At one point, right outside the fence, there was a very smartly placed plaque that indicated a hunting area – a miles-long, ten-pointed star cut through the brush so that horse could be ridden. The hunting land belonged to the local duke in the 18th century, whose widow, the Duchess Anna Amalia, had a salon of Europe-wide repute, and whose attendees included the poet and playwright Goethe, who, the plaque said, a played a role in the debut of his play Iphigenia in Tauris in the Duchess’s palace, which stood 1,300 meters from the edge of Buchenwald. I said to S. – in 200 years, they went from Goethe to Buchenwald. Just Imagine that.

***

We arrived extremely late at nigh to the NH Köln Hotel on the Holzmarkt, the old lumber market on the Rhine. It is a fantastic hotel. Our room looks out on the river and over to Deutz. The Dom is nearby. Today we visited the “chocolate museum” across the canal. It is on a spit of land that separates the canal from the Rhine. We also returned the rental car. Driving around Köln was a bit of a trial. Driving in the middle of the night from Weimar was more of one, however. Especially when the main road – in the middle of the woods – is closed and you get to take a near-fatal split-second detour. Whee.

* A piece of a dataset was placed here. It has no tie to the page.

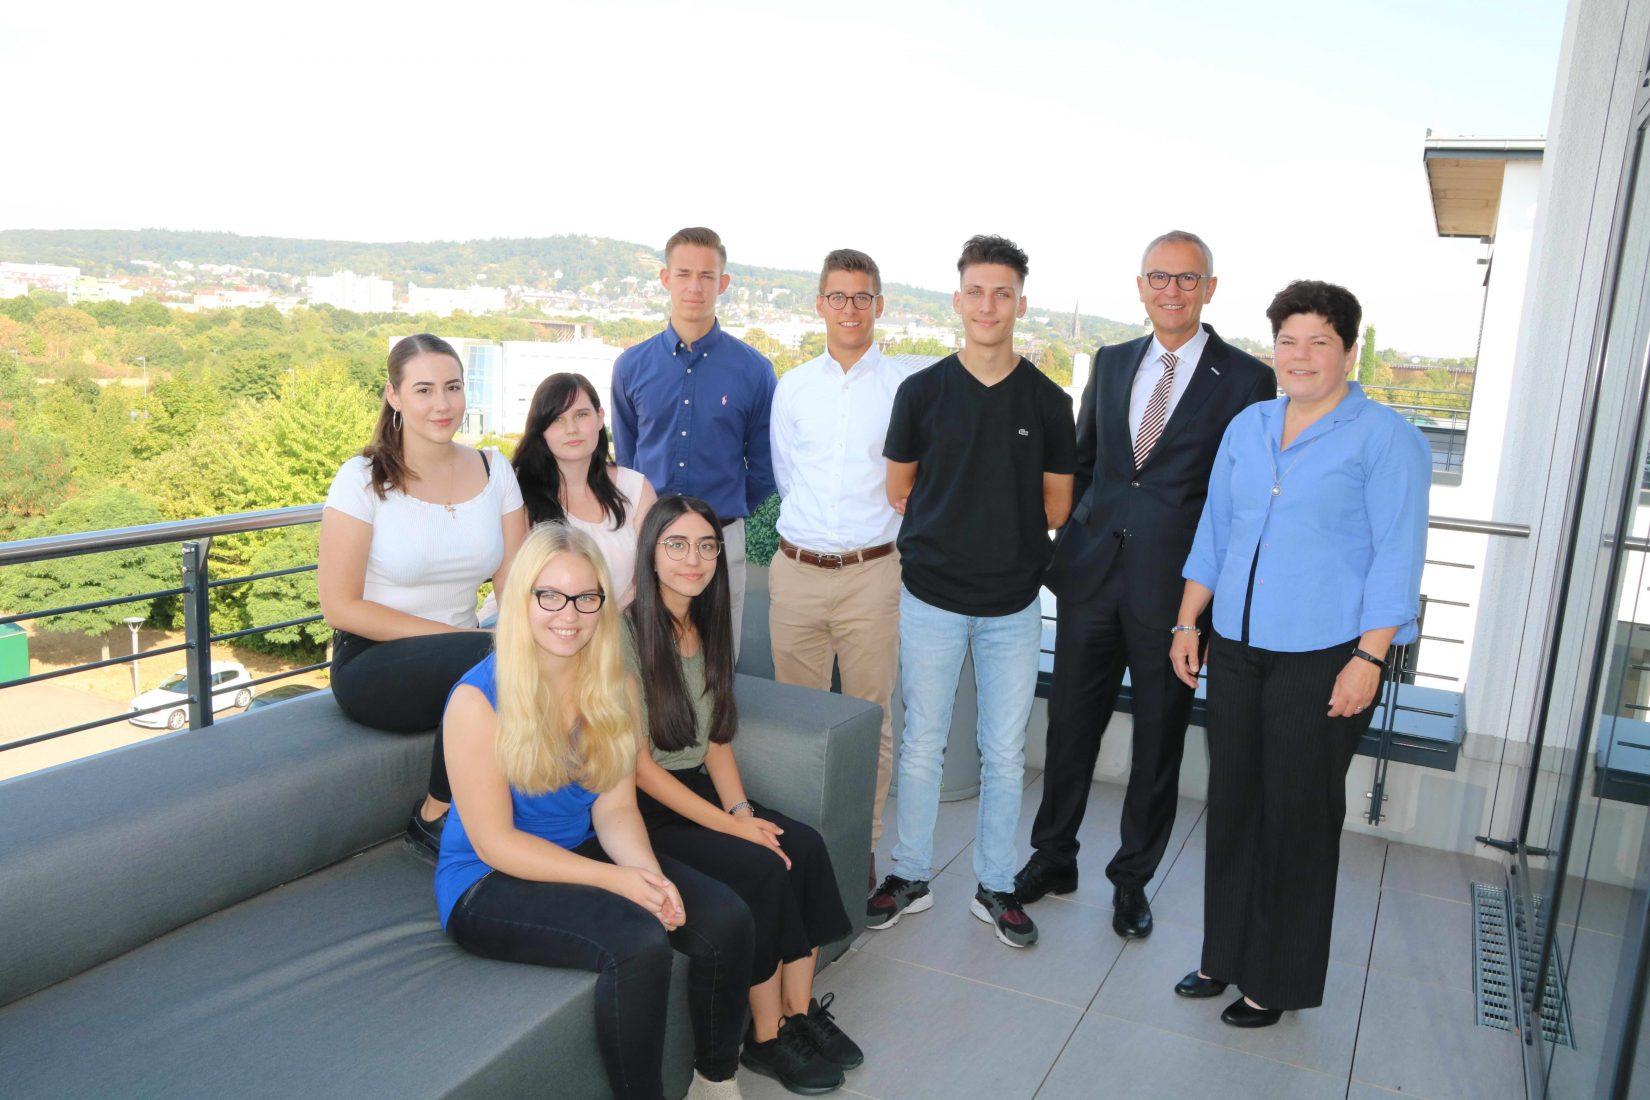 Geschäftsführer Hartmut Möller (2.v.r.) und Personalreferentin Nadja Fuchsberger (r.) mit den sechs neuen Azubis sowie der neuen Ganzjahrespraktikantin (vorne rechts). Foto: Eurobaustoff

Buchenwald was hard on S. but she was able to order research on her father through the archives there.

European Diary: Room 401, Manhattan Hotel; 6:30 p.m., Friday; June 18, 2004; Frankfurt, Germany

In Europe, European Diary on December 8, 2004 at 1:59 am

Yesterday we arrived in Frankfurt after a four-and-a-half hour, airless bullet-train ride through a Shire-like countryside, a great deal of which used to be the D.D.R. The Manhattan Hotel is on the Düsseldorferstr. 10, in, according to a cab driver, “the worst part of town.” It is a filthy street, directly across the street from the Hbf. We ate some Thai food featuring uncooked armadillo medallions. The hotel is book-ended between aromatic Arabic spice shops and groceries.